A riferirlo, giovedì 23 aprile, il quotidiano arabo al-Araby al-Jadeed, il quale ha riportato che Mosca, Ankara e Teheran hanno ribadito l’importanza del cessate il fuoco e si sono impegnate per raggiungere una soluzione politica in Siria. Tuttavia, fonti locali hanno rivelato che, nella mattina del 23 aprile, le forze dell’esercito siriano, affiliato al presidente Bashar al-Assad, hanno condotto bombardamenti contro villaggi situati nella periferia Sud di Idlib. All’alba del medesimo giorno, un attacco missilistico ha interessato le aree di al-Fateera e Jabal al-Zawiya, a cui le forze di opposizione hanno cercato di rispondere. Parallelamente, aerei di ricognizione russi hanno continuato a sorvolare le zone meridionali del governatorato.

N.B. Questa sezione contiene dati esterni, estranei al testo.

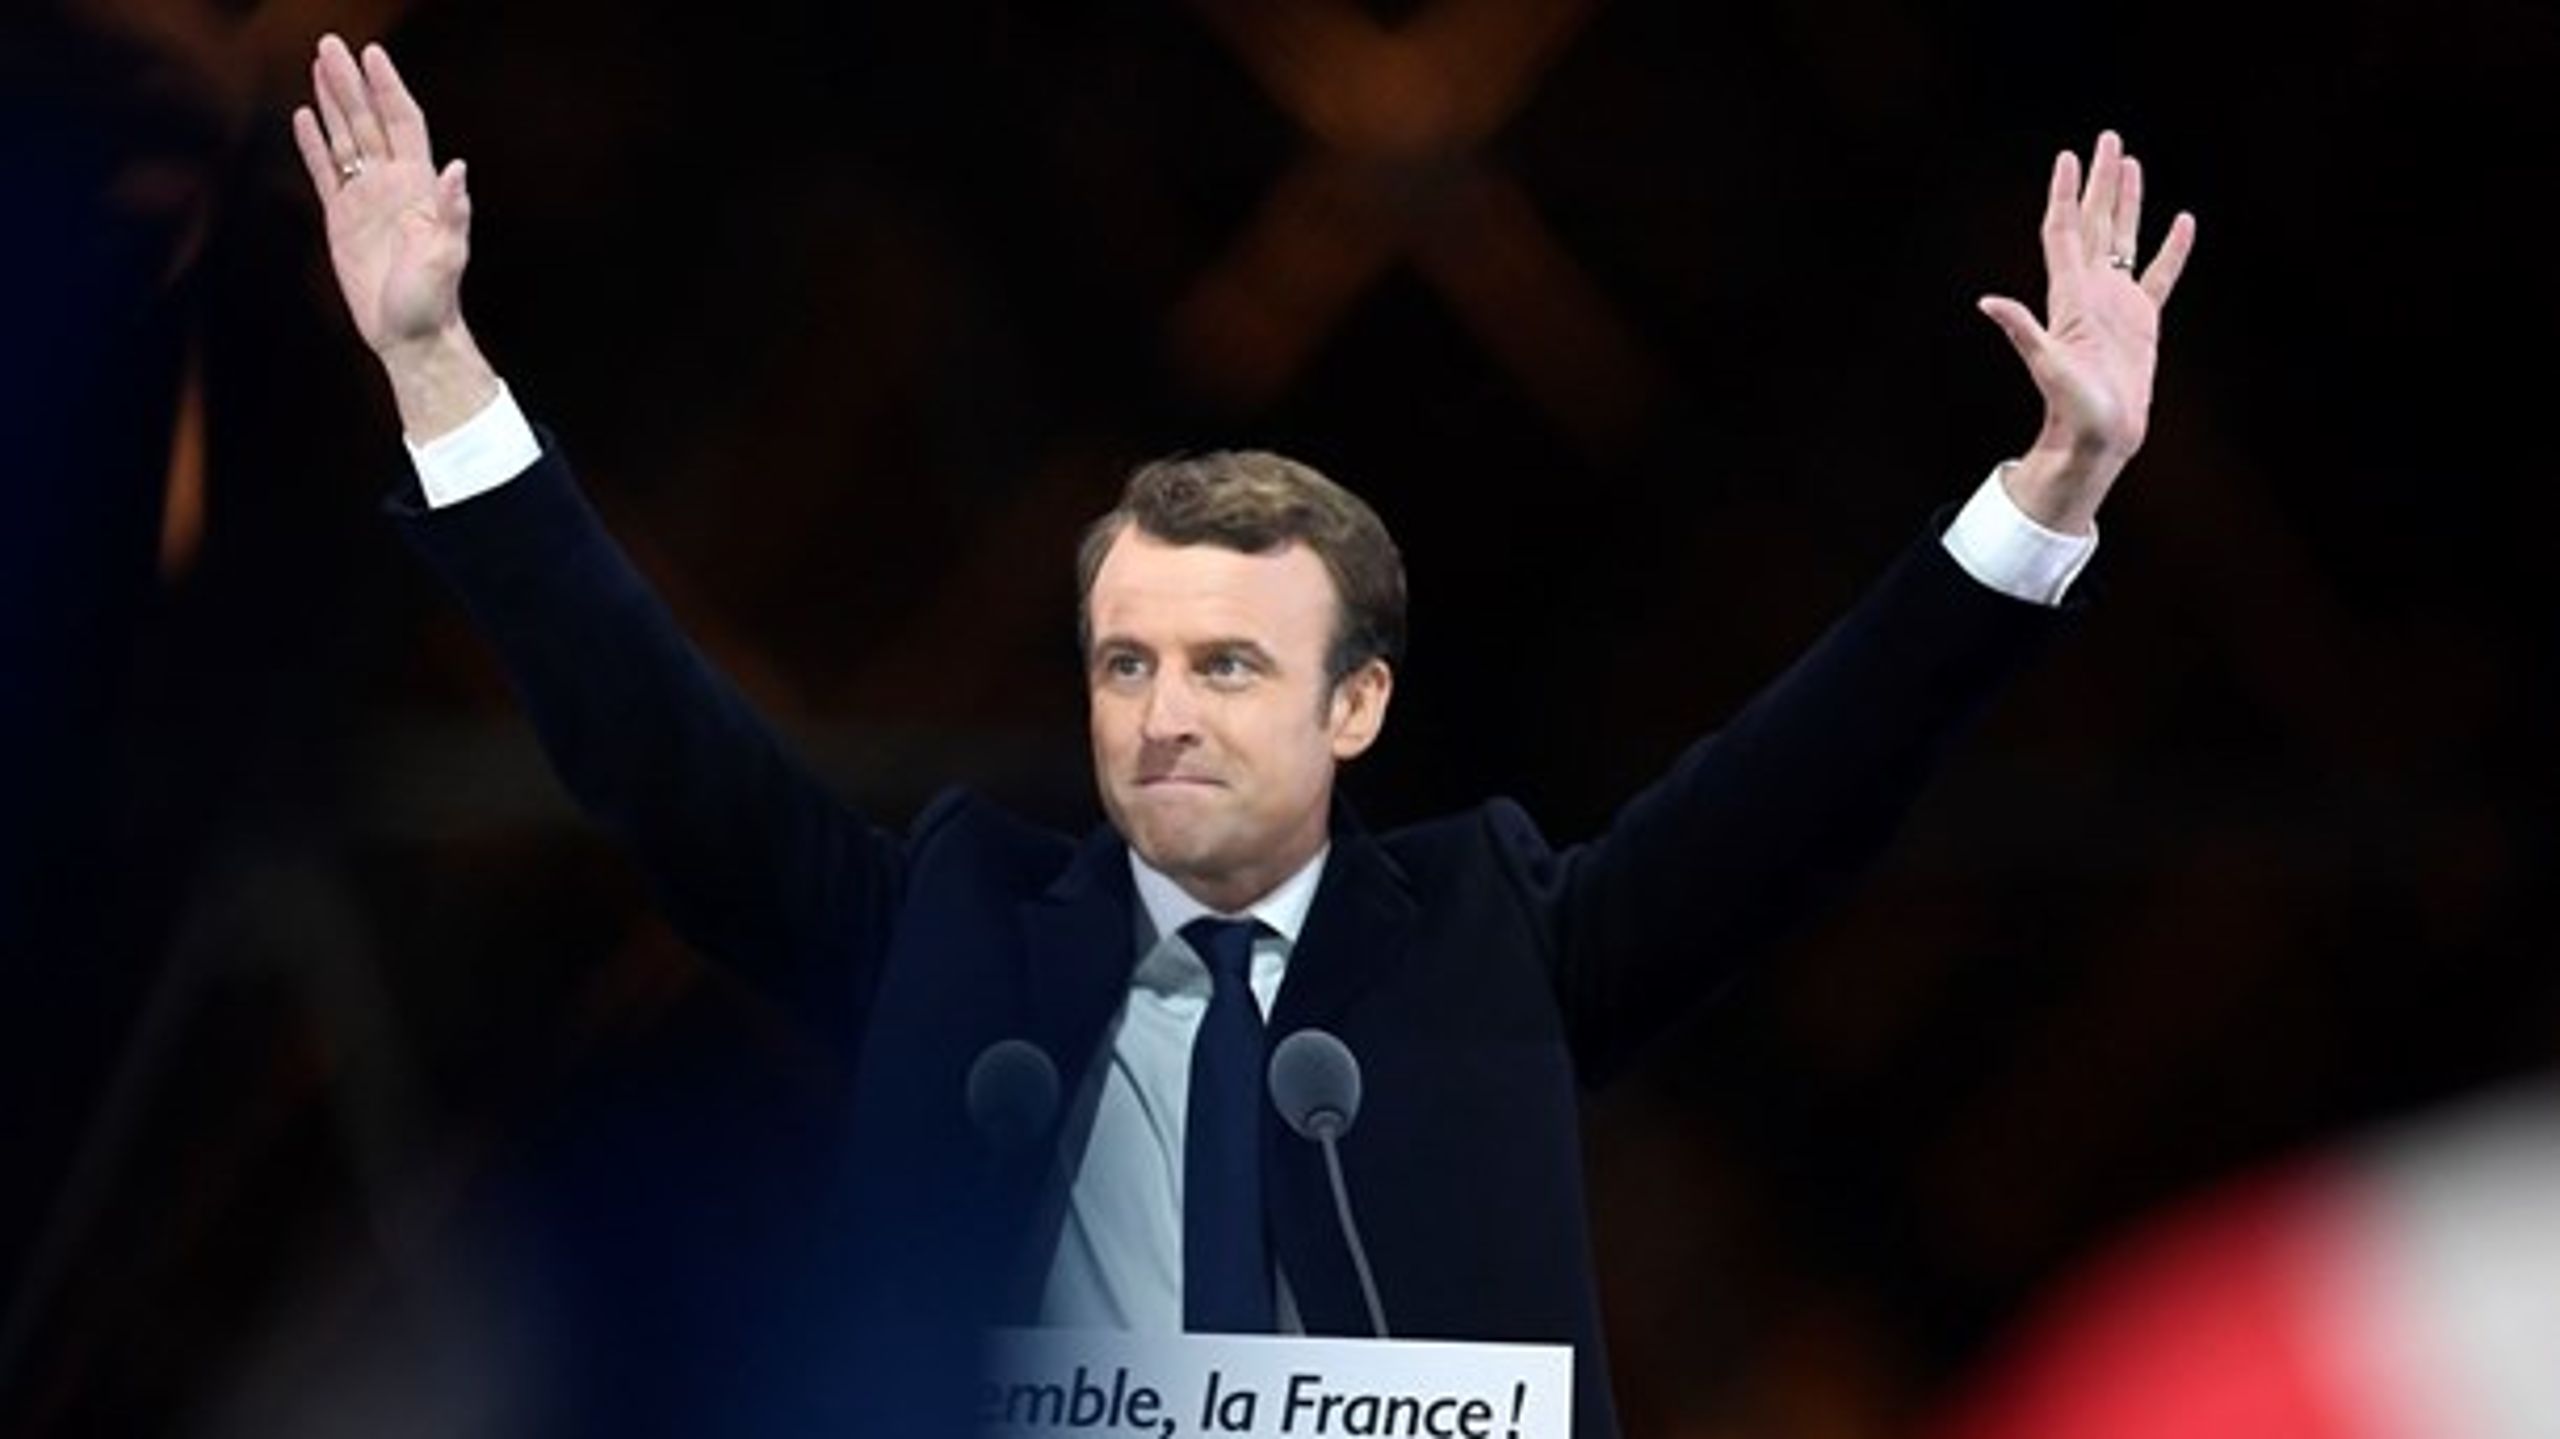 Med en overbevisende sejr bliver centrumpolitikeren Emmanuel Macron Frankrigs næste præsident.

A detta delle organizzazioni umanitarie operanti nella regione, seppure sporadici, tali attacchi impediscono ai rifugiati di fare ritorno nelle proprie abitazioni, oltre a rappresentare una violazione della tregua stabilita il 5 marzo scorso dal presidente turco, Recep Tayyip Erdogan, ed il suo omologo russo, Vladimir Putin.

In tale quadro, il 22 aprile, Ankara, Mosca e Teheran hanno tenuto un meeting da remoto, da inserirsi nei cosiddetti “colloqui di Astana”, in cui i tre Paesi svolgono il ruolo di garanti. L’obiettivo principale di tale ciclo di incontri è trovare una soluzione permanente al perdurante conflitto civile in Siria, toccando altresì tematiche quali l’elaborazione di una costituzione per il “dopoguerra”, la transizione politica, la sicurezza e il ritorno dei rifugiati. Il primo meeting si è tenuto nel mese di gennaio 2017 in Turchia, con l’obiettivo di rafforzare ulteriormente i colloqui di pace di Ginevra, promossi dalle Nazioni Unite, mentre l’ultimo, il 14esimo, ha avuto luogo il 10 e 11 dicembre 2019.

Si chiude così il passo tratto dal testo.